Was it easy joining a family so steeped in marine conservation? I ask.
“Thank God I love to swim!” joked Ashlan. “I grew up In North Carolina and spent a lot of
time at the beach and out on the water.”
“We first met at a conference. I was working as an entertainment journalist – working on
stories about the Kardashians, Justin Bieber, pop culture - but I kind of had an “a-ha”
moment learning about Philippe’s work – I thought: Why can’t we make saving the world
cool too? Why can’t these issues be highlighted and be fun and sexy? – Not to lighten the
seriousness of the issues, but to make them more accessible so more people care” she
And that became the couple’s mission.
“People still don’t fully understand the way our oceans work” Ashlan continues “so,
during lockdown we wrote a book - part of the hugely successful ‘… For Dummies’ series
called ‘Oceans for Dummies!’
“It explains how weather patterns work, how the currents work, the different species of
Animals. It answers questions like: ‘Why are the oceans salty?’. We just want more people to
be ‘Ocean Literate’ - after all, we know more about the moon than the bottom of the sea.”

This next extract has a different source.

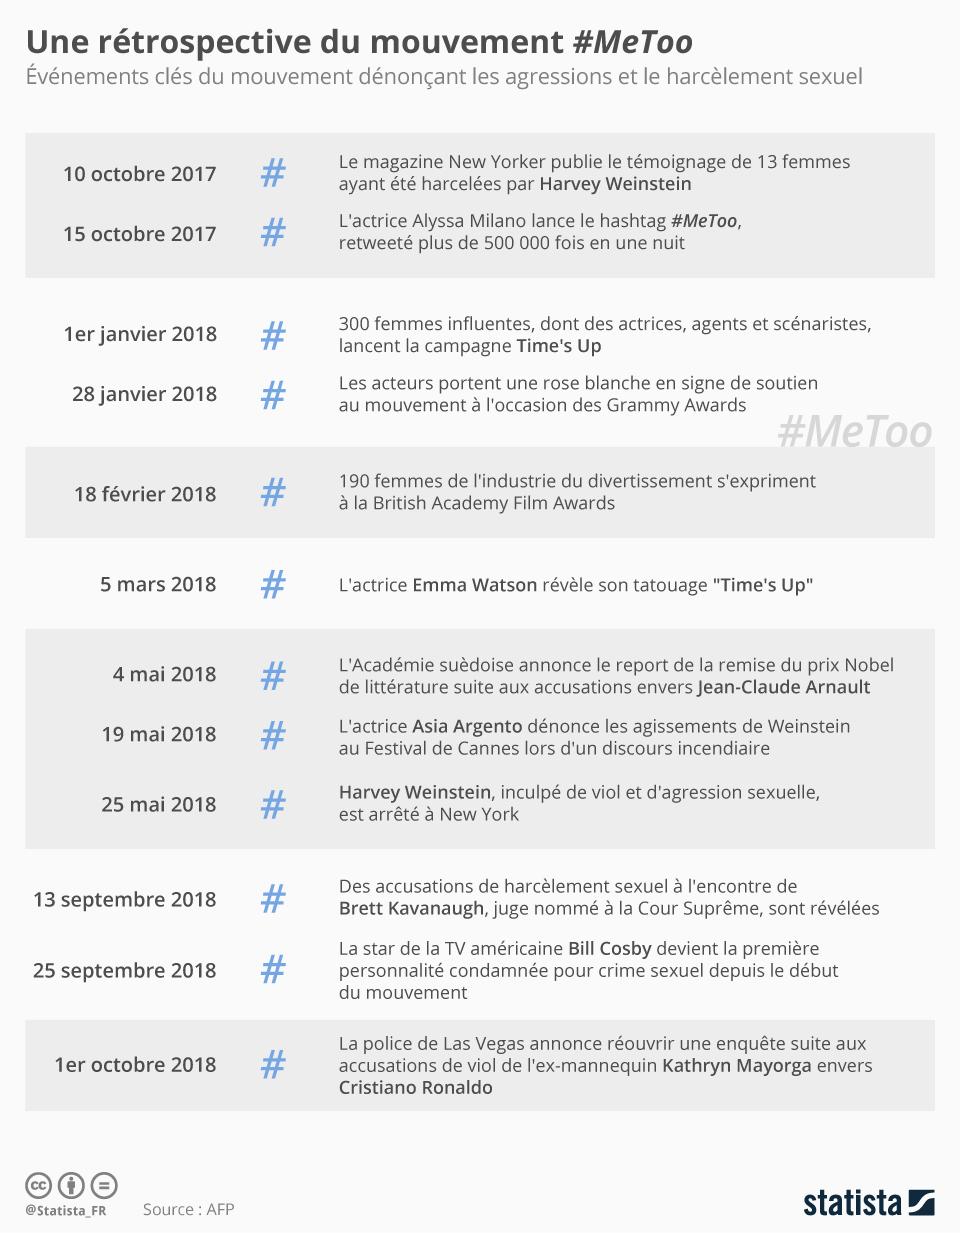 Infographie: Une rétrospective du mouvement #MeToo | Statista

“Today’s generation get it” comments Philippe “They understand the importance of environmental conservation, it’s part of their curriculum and their school clubs. And there is a shift in the conversation: how can solving these problems be an opportunity to grow the economy, provide jobs, live healthier and more sustainable lives?
“I think my grandfather and father would be encouraged by that.” Philippe ponders.

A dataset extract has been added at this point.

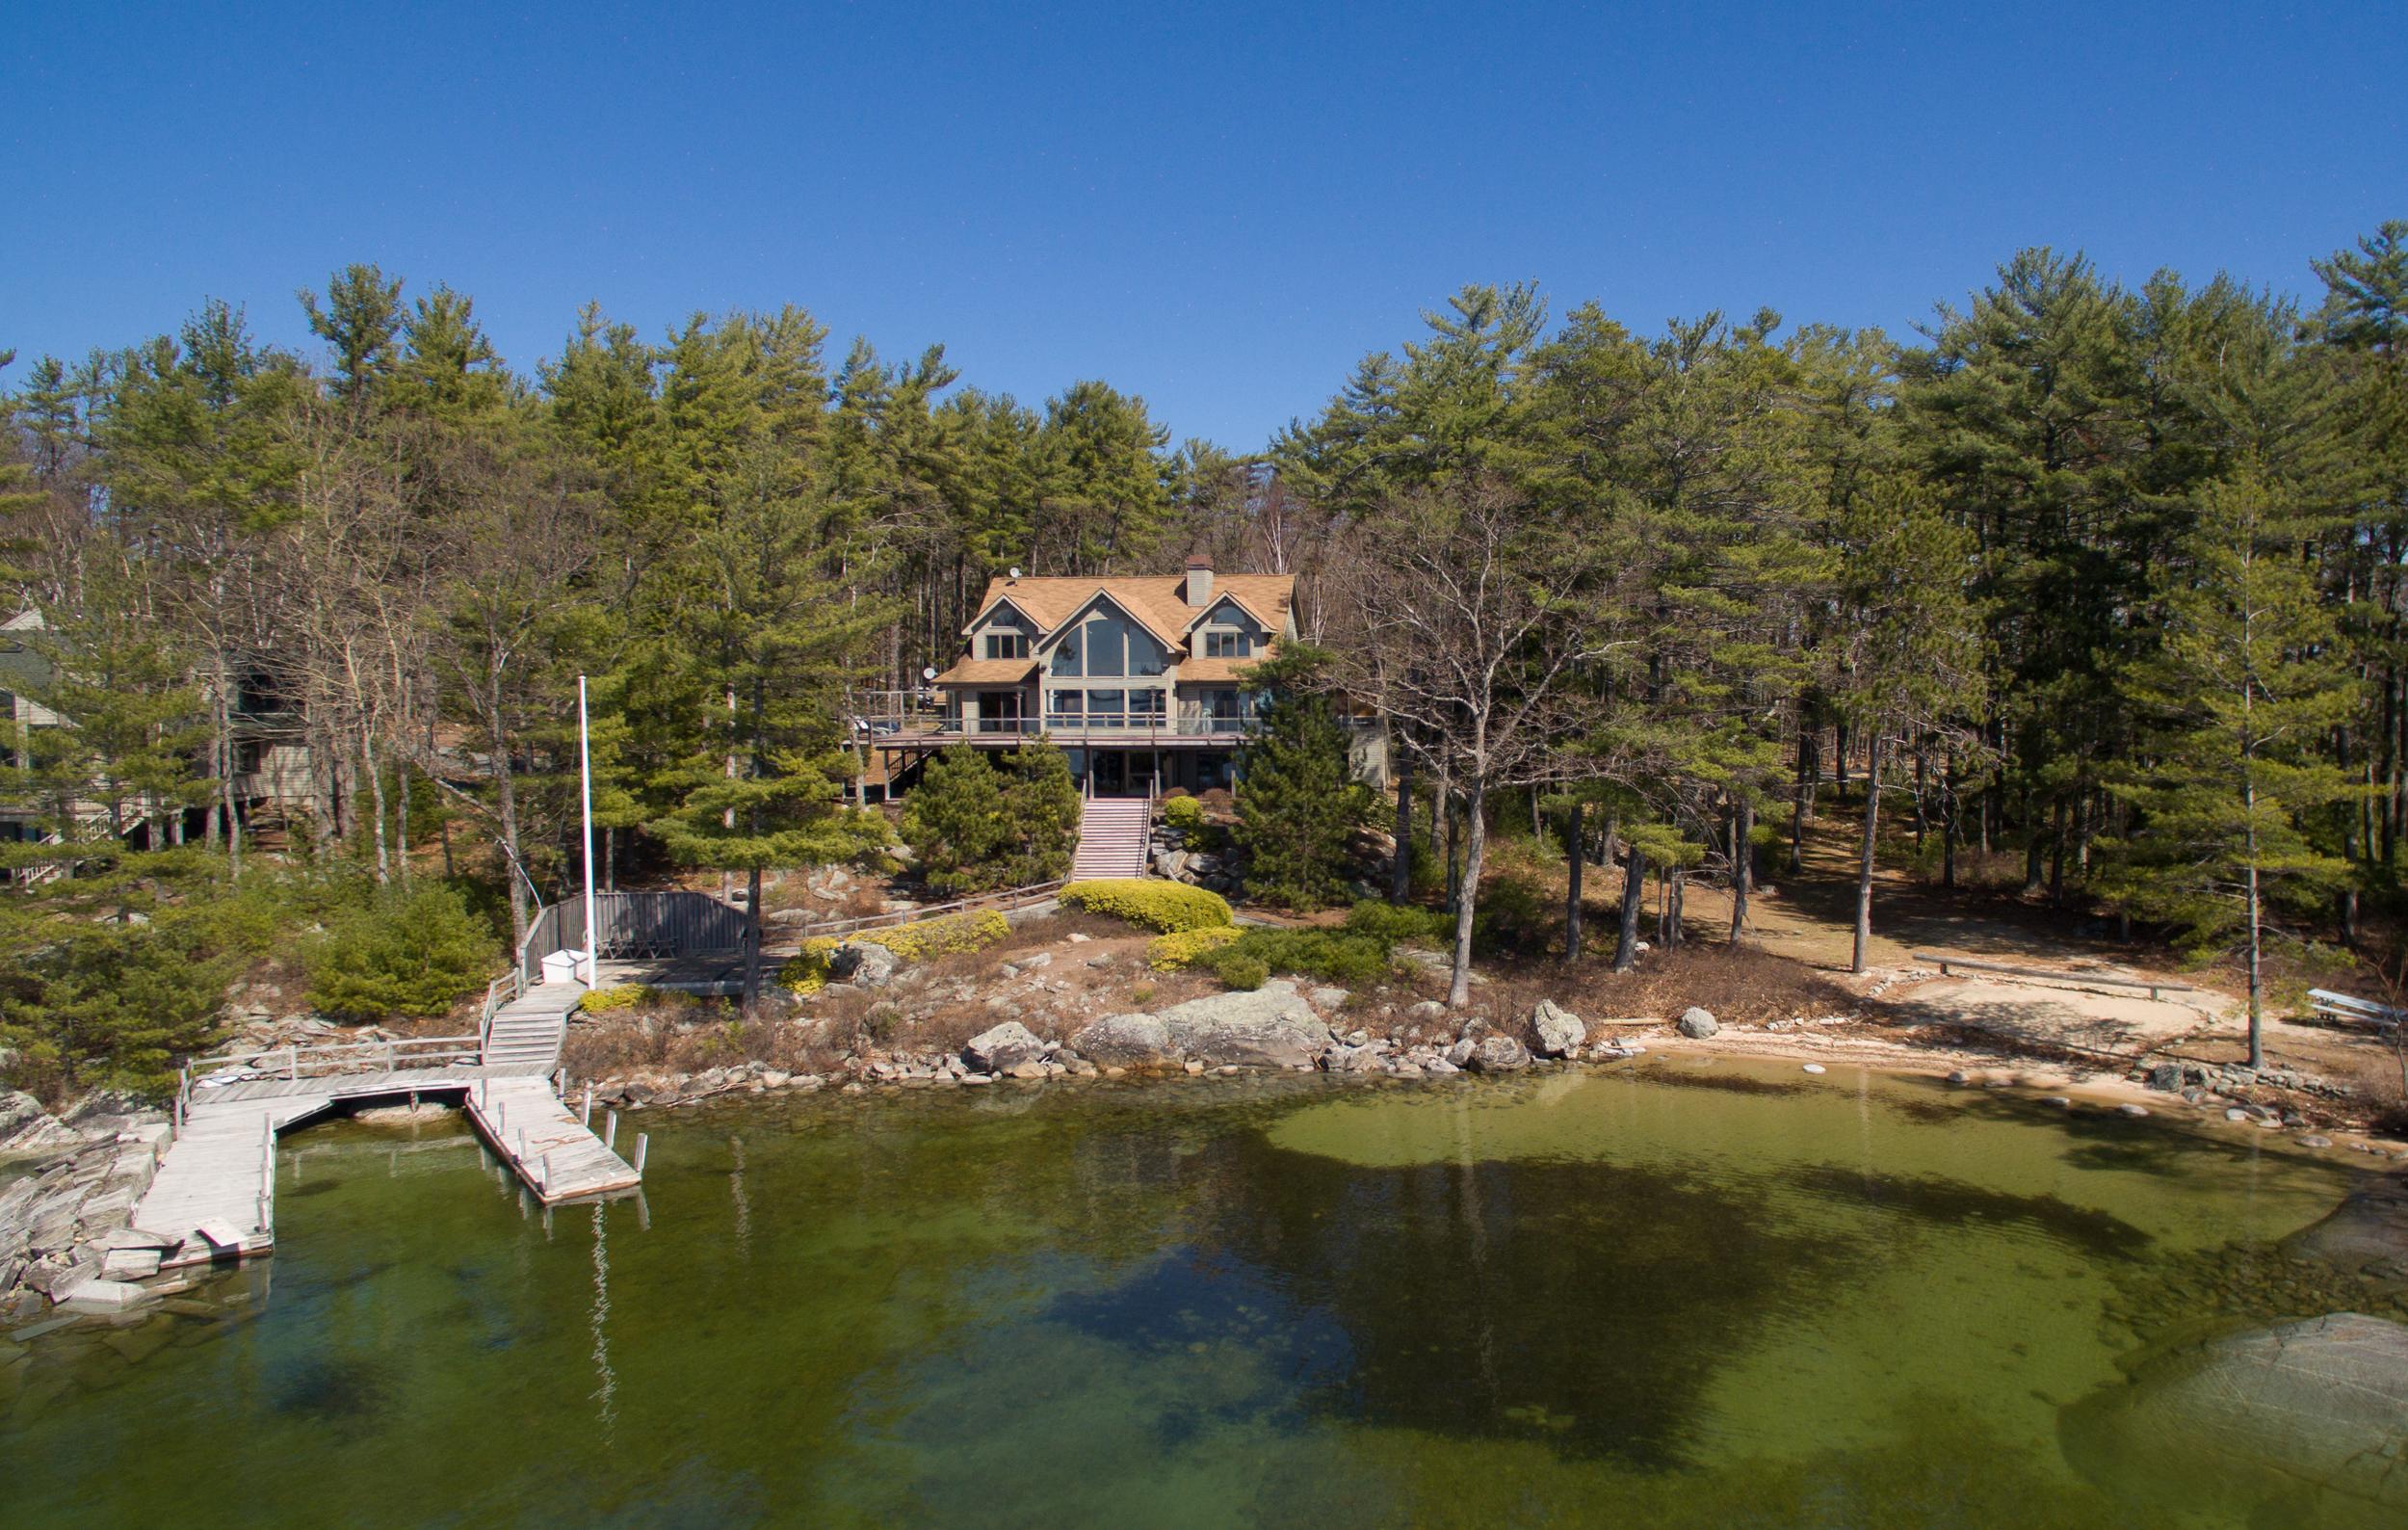 Maison unifamiliale pour l Vente à Lake Winnipesaukee Retreat with Panoramic Views 200 Windermere Rd Moultonborough, New Hampshire, 03254 États-Unis

“Ashlan and I continue to champion hope, the positive outcomes and the opportunities.”
And are we seeing success?
“In the 40 years I have been alive we have lost 50%
of our bio-diversity - 68% of wildlife is gone” says Philippe. “so ‘No’ we don’t have a good track
record over the last 40 years. But we are hopeful for the future, we know what works, the science is clear” he enthuses.
“Through our non-profit, Earth Echo International - a leading global environmental
education organization” explains Ashlan “we work with Ocean Conservancy, WWF and others, to campaign for ‘30x30’ – the need to protect 30% of the ocean by 2030.”

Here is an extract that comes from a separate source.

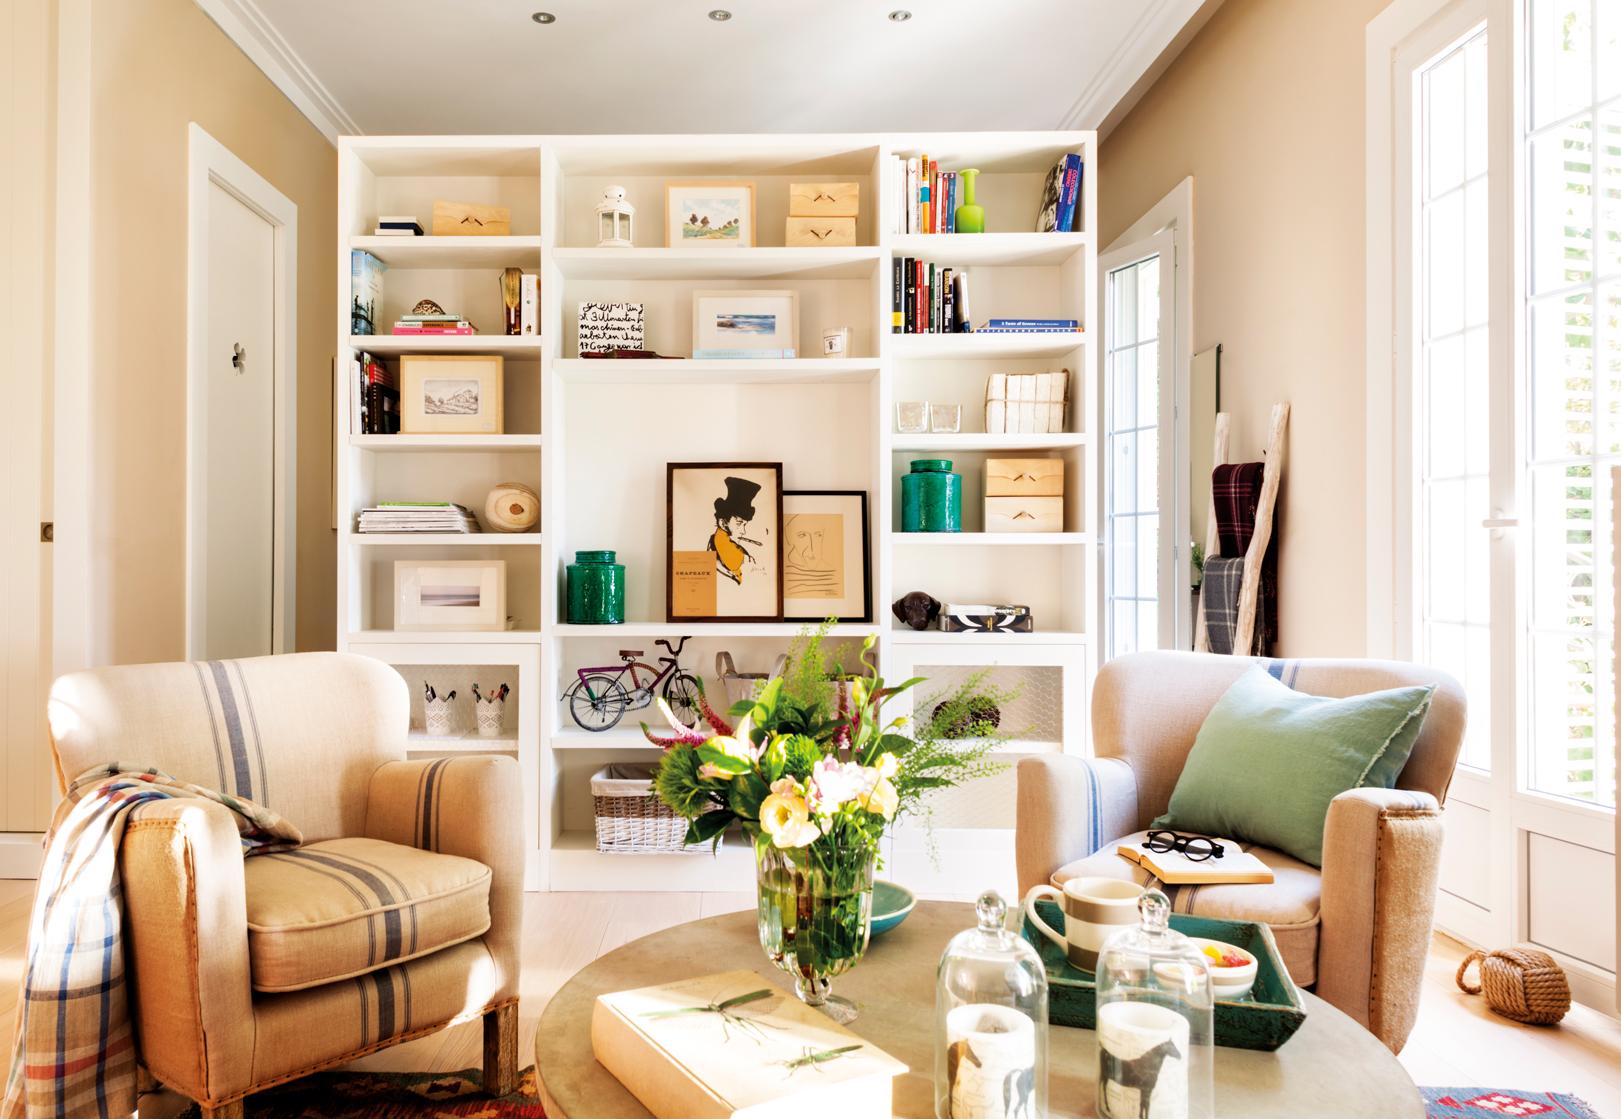 Muebles vers tiles con doble funci n ideales para espacios - Mesita de salon ...

“These are areas where we advocate ‘No Take’ –no fishing, drilling or hunting” she explains “especially in areas of bio-diversity hotspots, like Antarctica.”
“We’re not saying we have to stop all fishing” says Philippe, “but we need to look at the
Ocean as our ally when it comes to having a healthy planet. Nature is extremely resilient –
it bounces back - if we give it a chance.”
“Philippe and I went to Bikini Atoll in the Pacific” recalls Ashlan. “The U.S. detonated 23 nuclear bombs there during the Cold War. Because of the radiation, no one had been there for 60 years – untouched by humans – but in what had been a dead zone, we now see some of the most amazing and diverse diving environments anywhere in the world.”
So, are the Cousteau’s hopeful for the future?
“The planet isn’t a partisan political issue” says Ashlan. “It isn’t just for liberals to care about the environment, after all, it was Richard Nixon’s administration who created the EPA and passed the Marine Mammal Protection Act. Now, politicians of all stripe are stepping up looking for solutions to environmental problems for the good of our economy, jobs and health” she continues.
“The new President has already taken positive steps on solving the climate crisis and he has backed ‘30x30’ which is great news. There is also a big push right now to protect three marine areas in Antarctica. If enacted, this will be the single largest act of conservation in history -so ‘yes we have hope’.” she beams.
And what about that legacy?
“We are proud to be continuing the spirit of my family’s legacy.” says Philippe. “My grandfather was one of the originators of a campaign to protect the landmass of Antarctica and now Ashlan and I get to carry that challenge forward through a campaign to protect the ocean around Antarctica”
“As you can imagine, this is really special from a personal point of view but shows the work is never done.